▶ Your assignment:
The full listing, word for word and free of images, is the expected result.

▶ Data block:
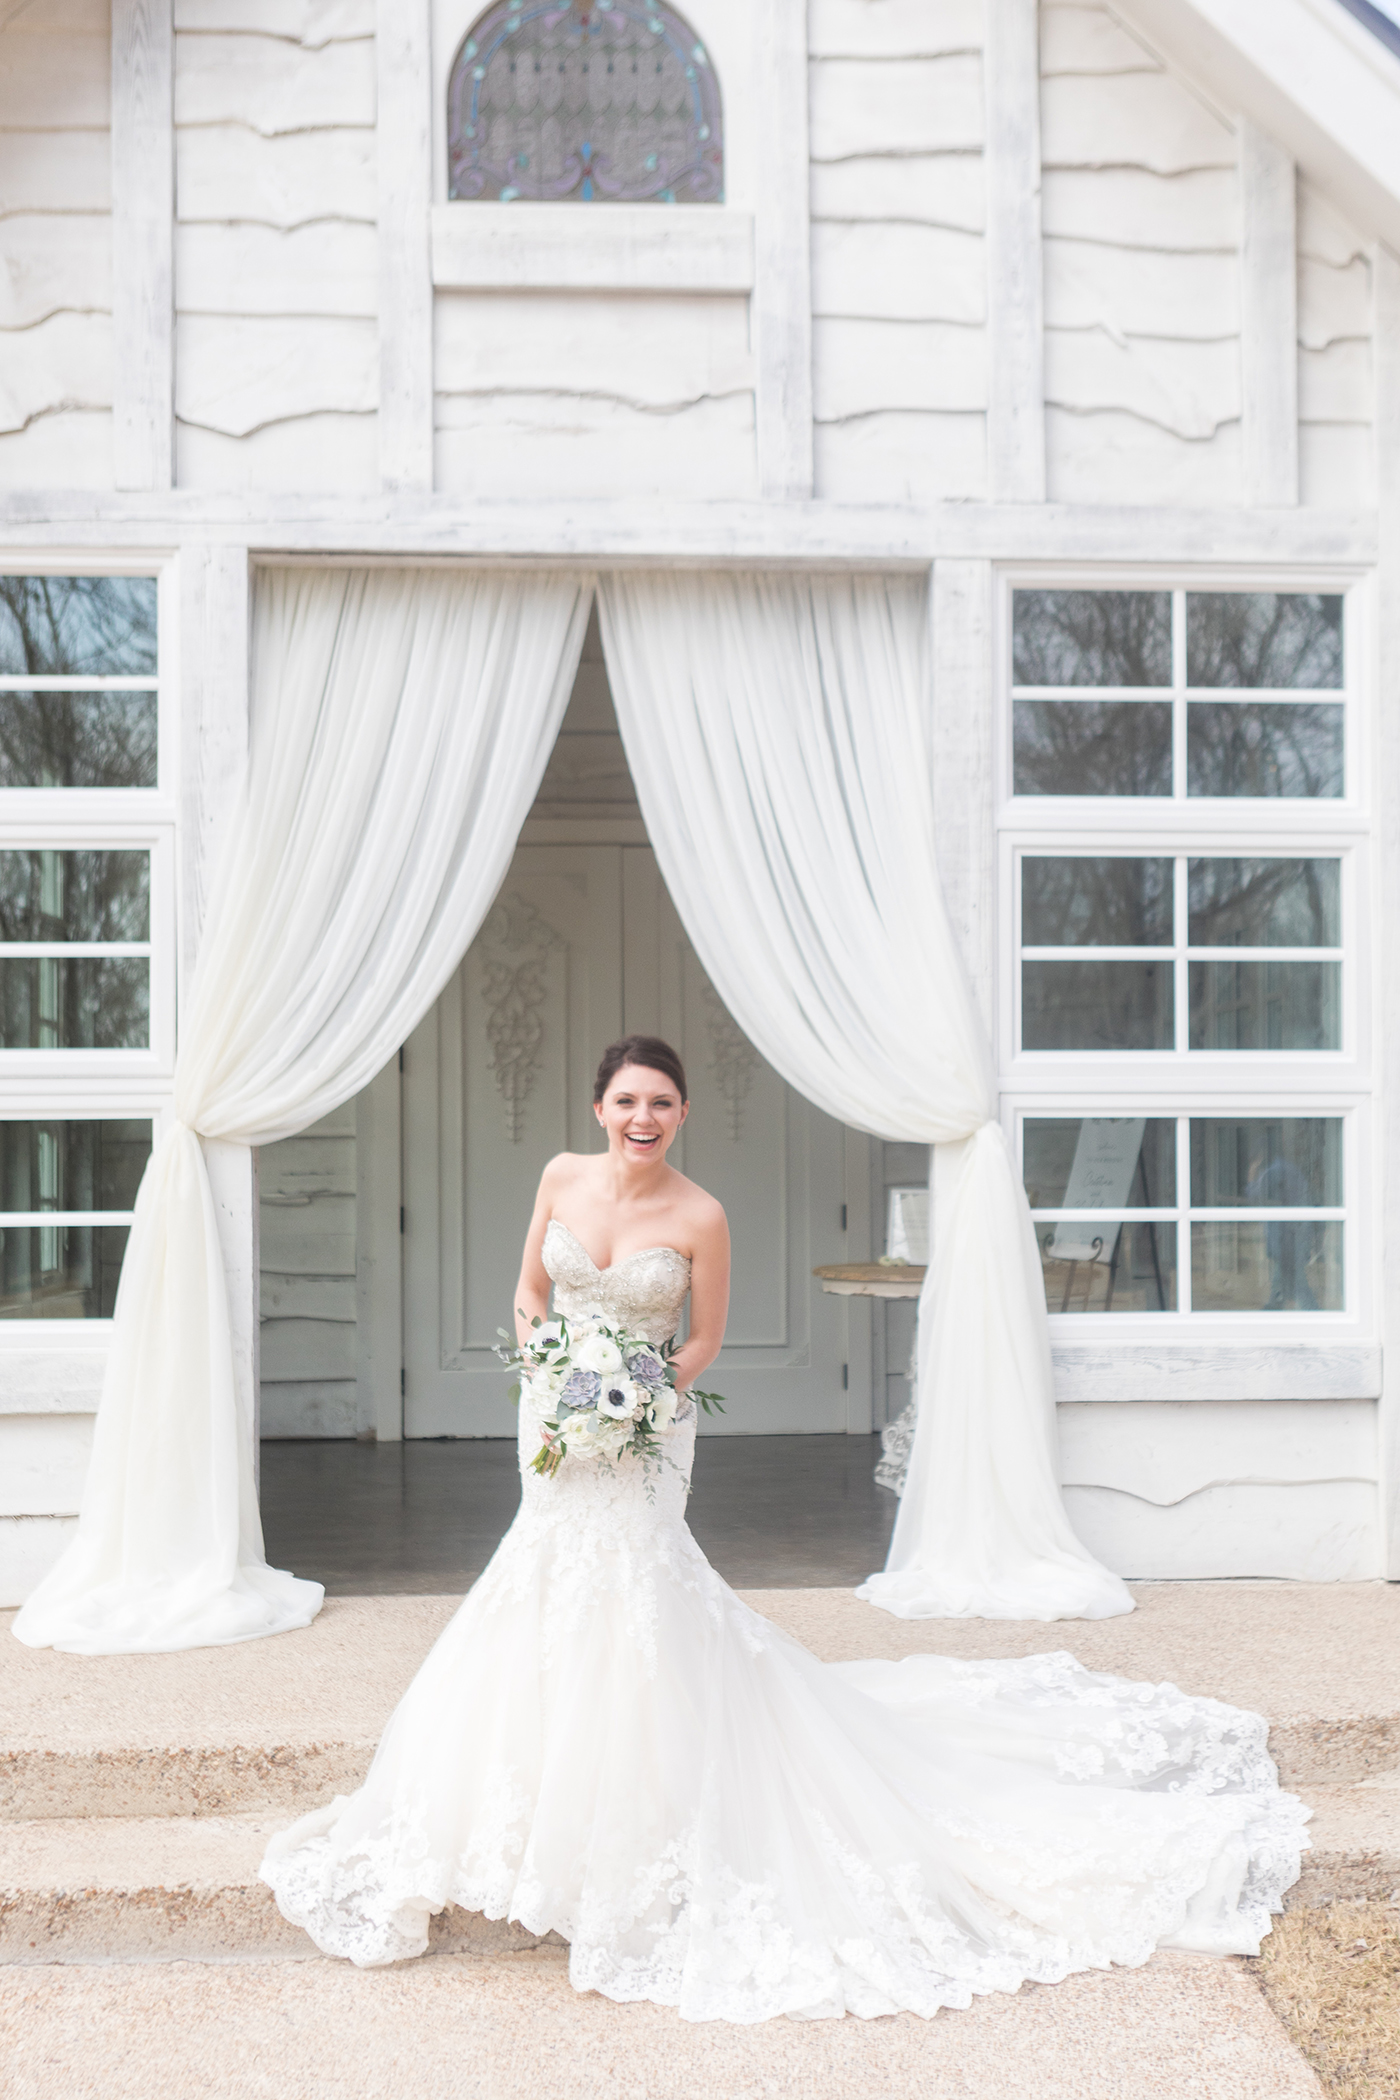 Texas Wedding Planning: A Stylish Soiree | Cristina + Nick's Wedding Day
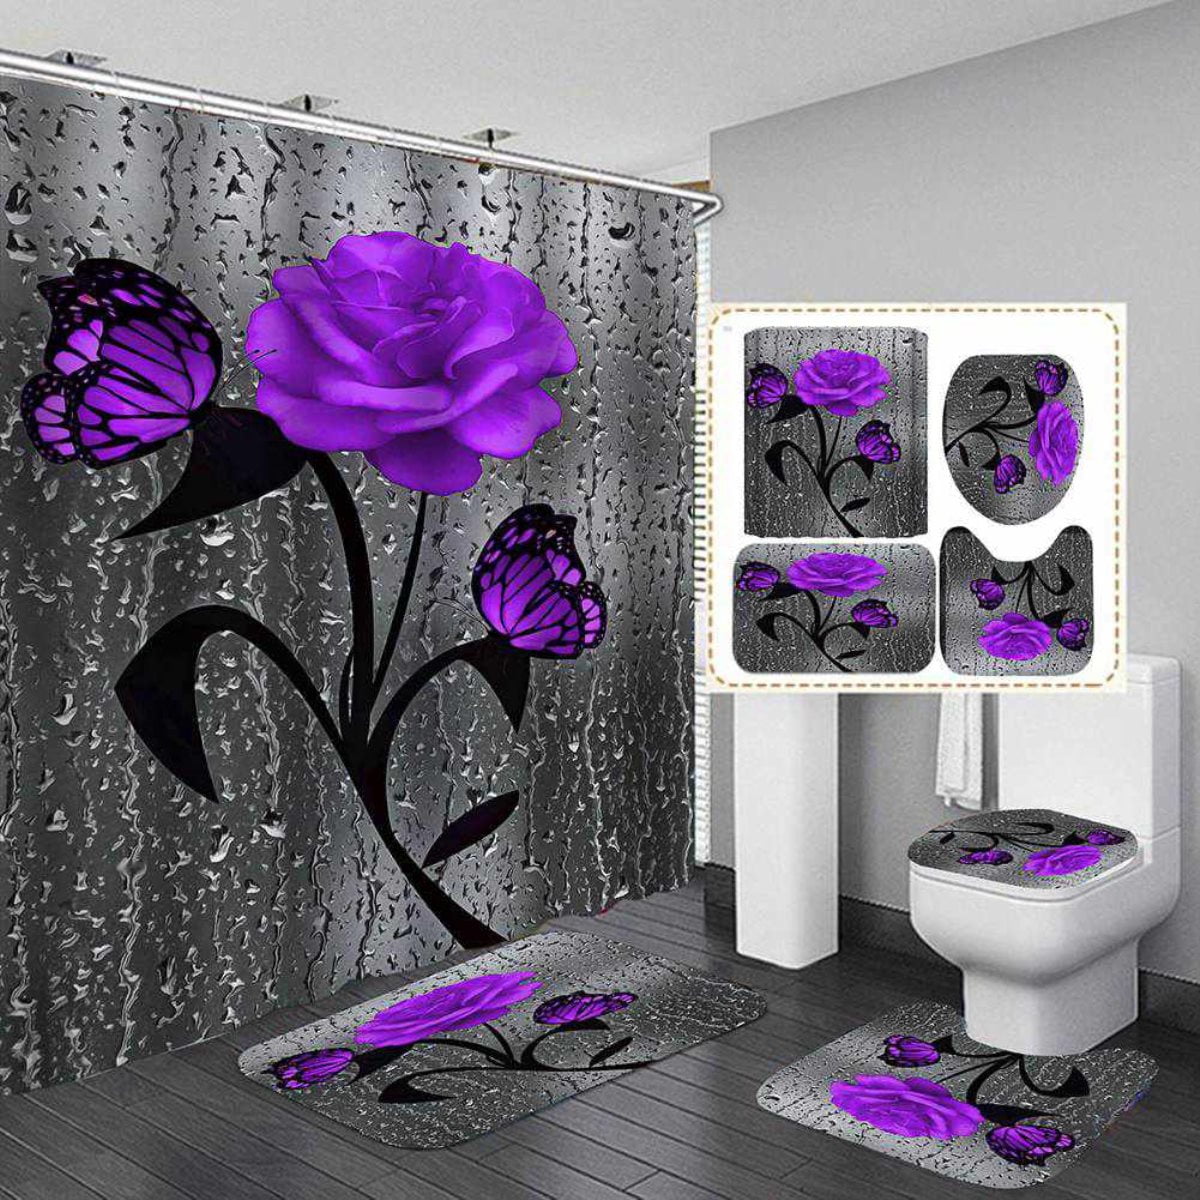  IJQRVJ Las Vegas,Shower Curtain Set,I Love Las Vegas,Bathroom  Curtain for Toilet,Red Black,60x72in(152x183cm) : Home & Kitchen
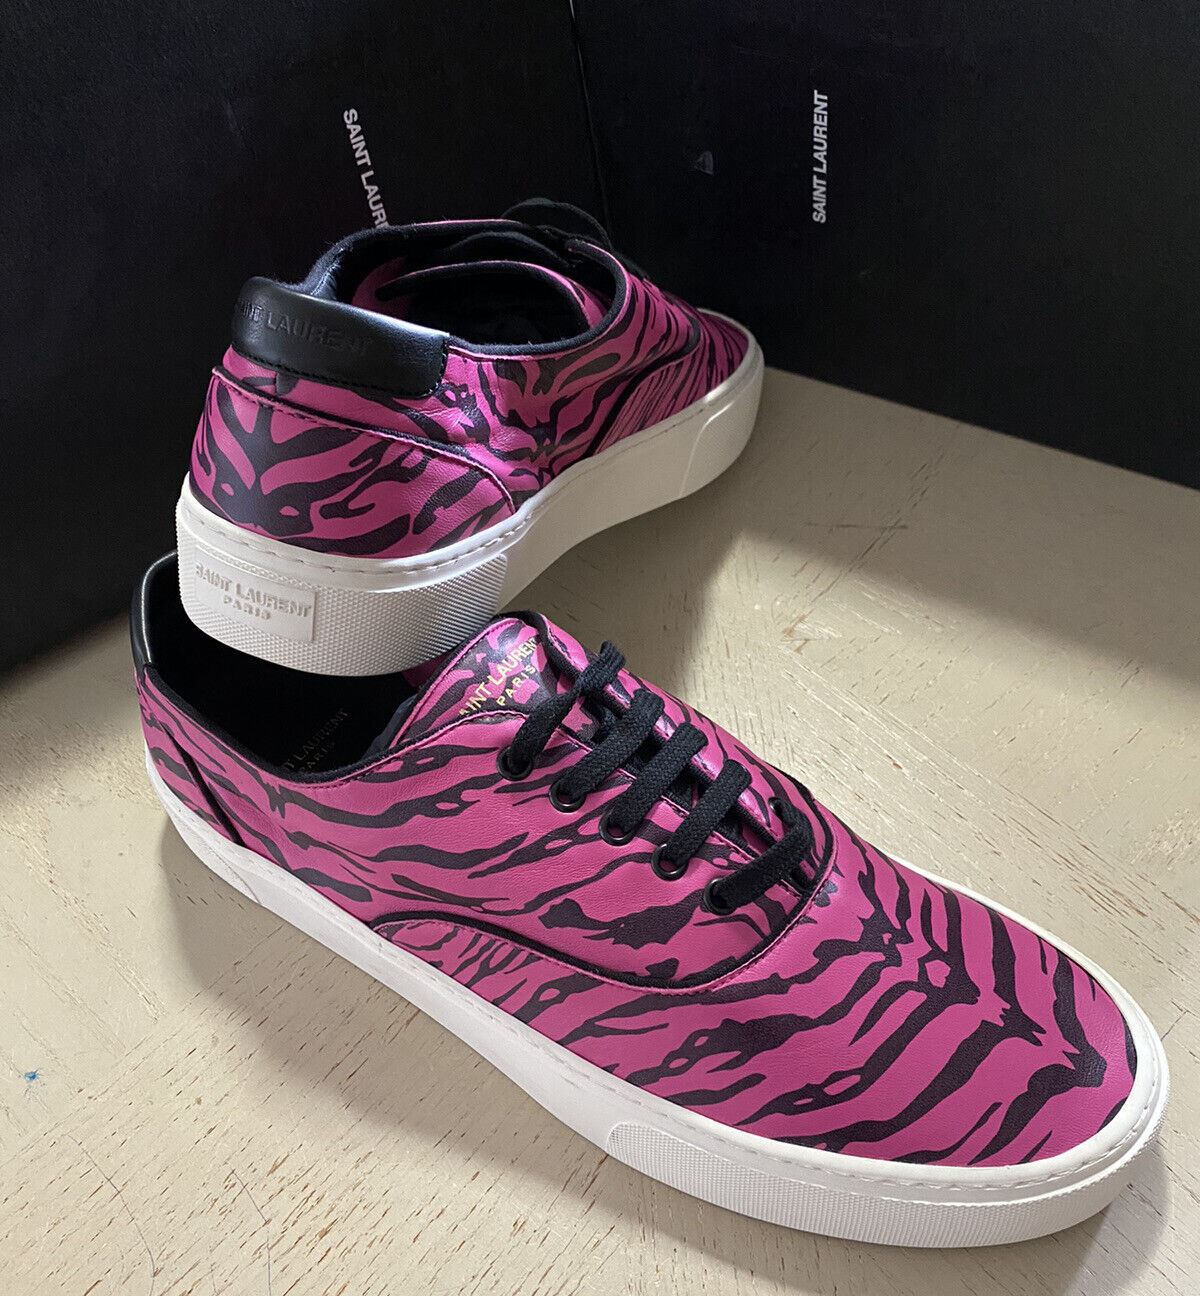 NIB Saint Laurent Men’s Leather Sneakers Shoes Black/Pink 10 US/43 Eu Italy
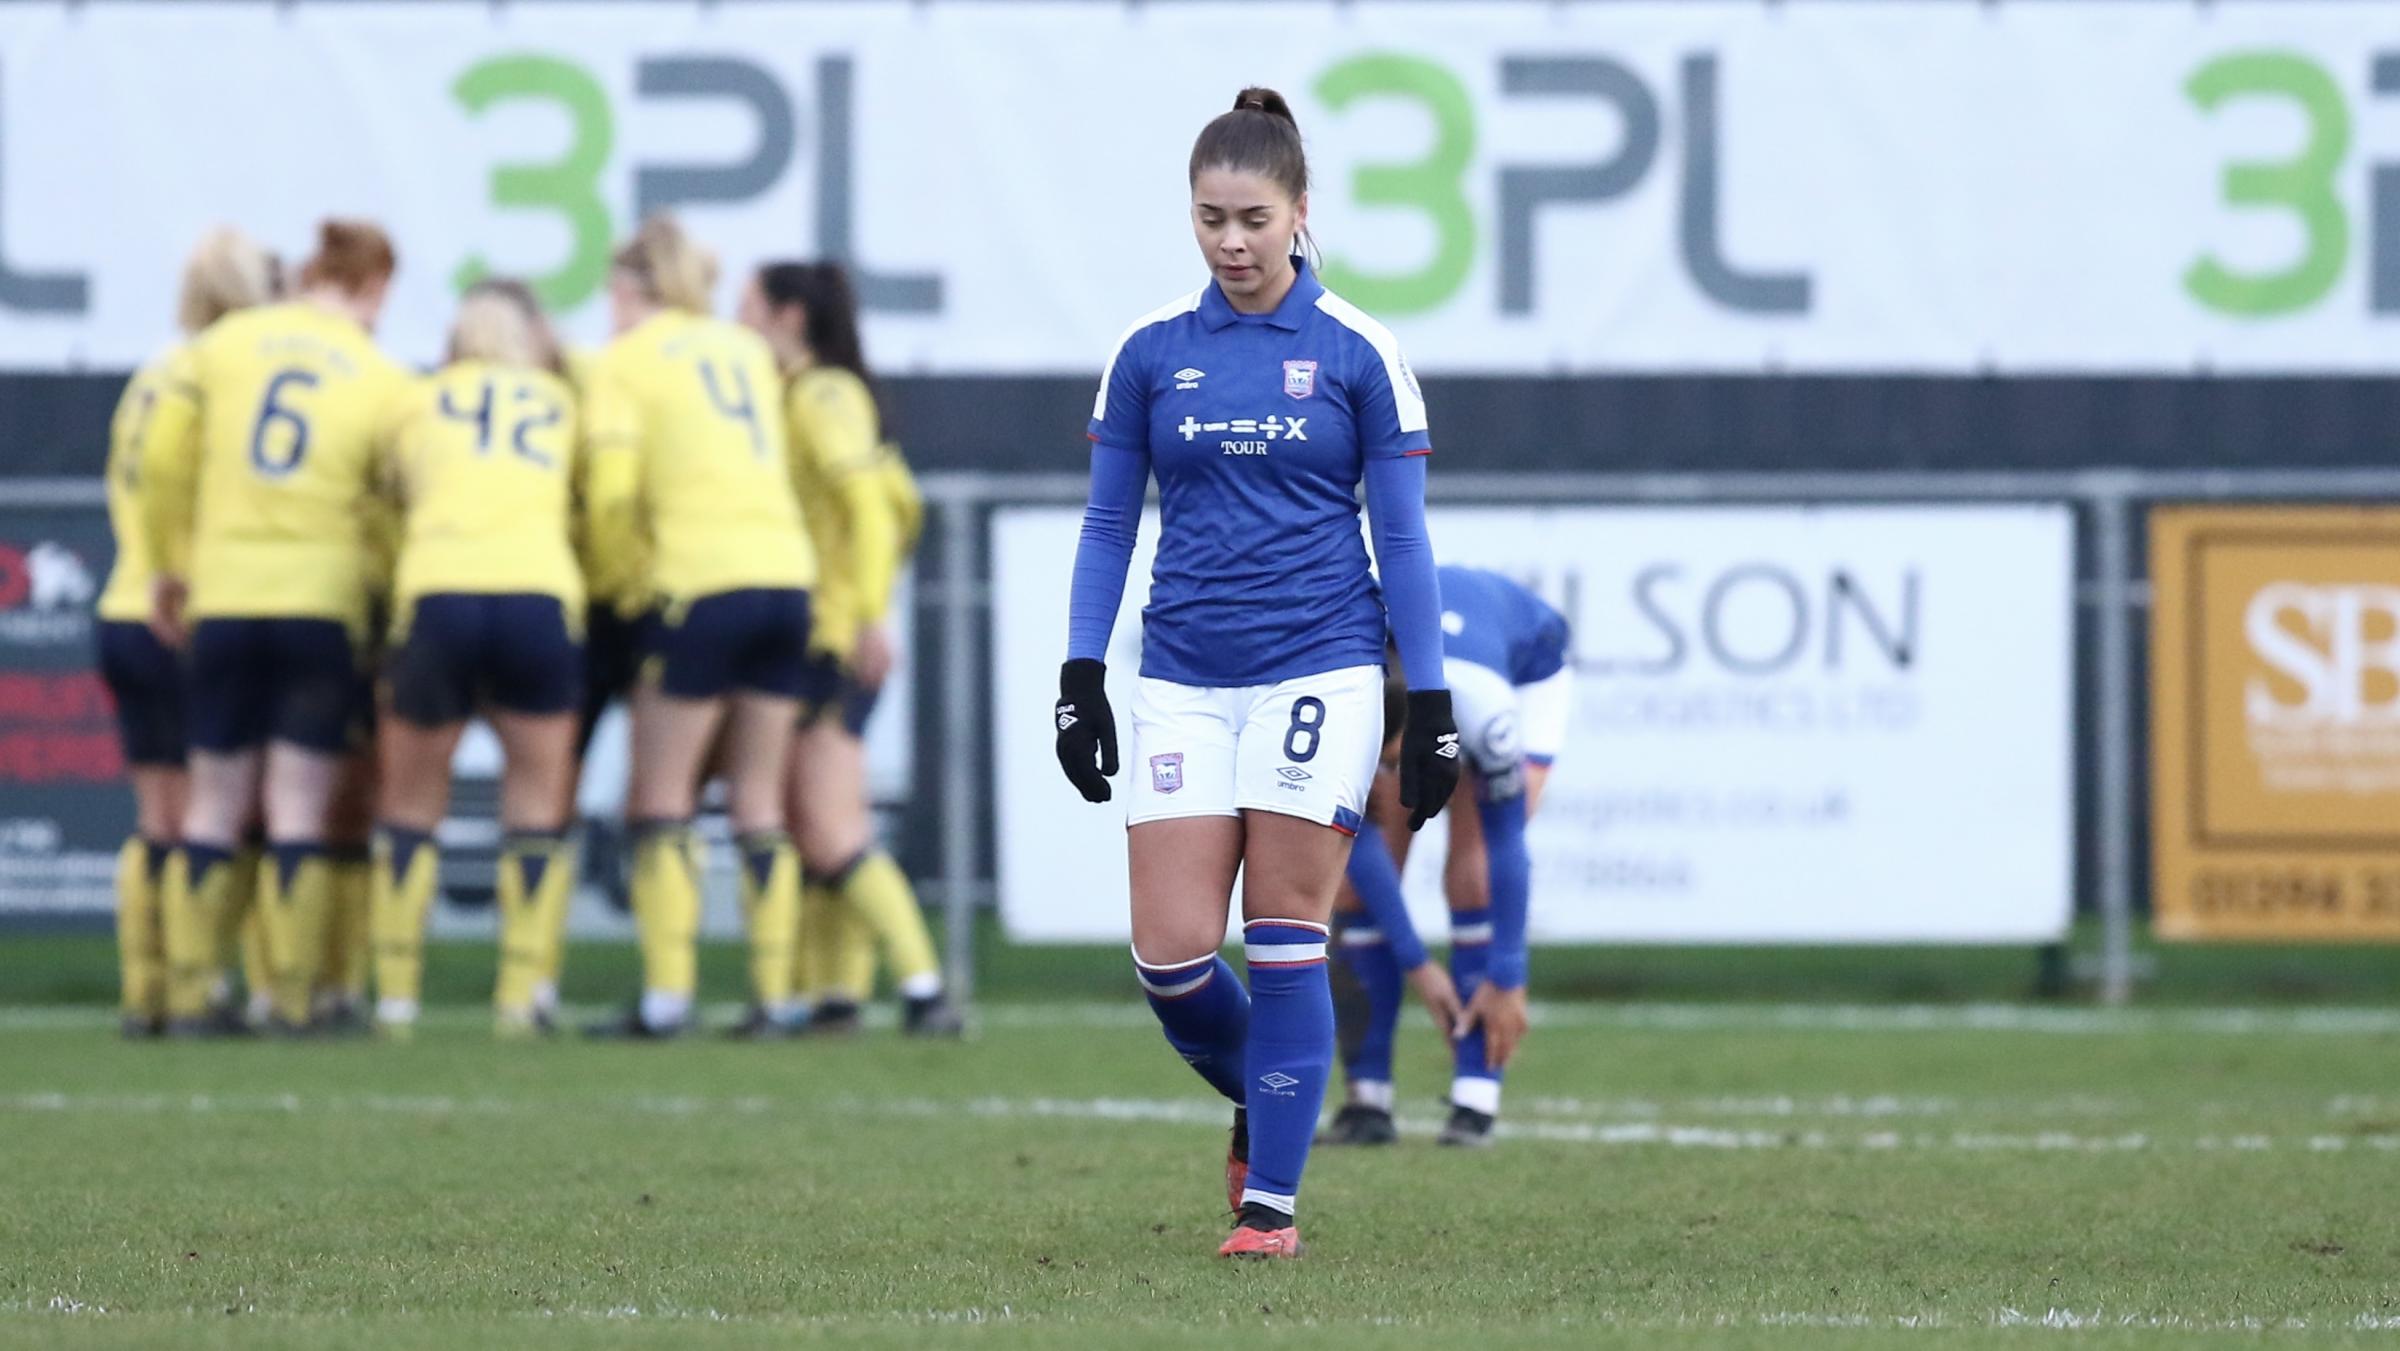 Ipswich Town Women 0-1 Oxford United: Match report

▶ Result:
 Texas Wedding Planning: A Stylish Soiree | Cristina + Nick's Wedding Day
  IJQRVJ Las Vegas,Shower Curtain Set,I Love Las Vegas,Bathroom  Curtain for Toilet,Red Black,60x72in(152x183cm) : Home & Kitchen
 NIB Saint Laurent Men’s Leather Sneakers Shoes Black/Pink 10 US/43 Eu Italy
 Ipswich Town Women 0-1 Oxford United: Match report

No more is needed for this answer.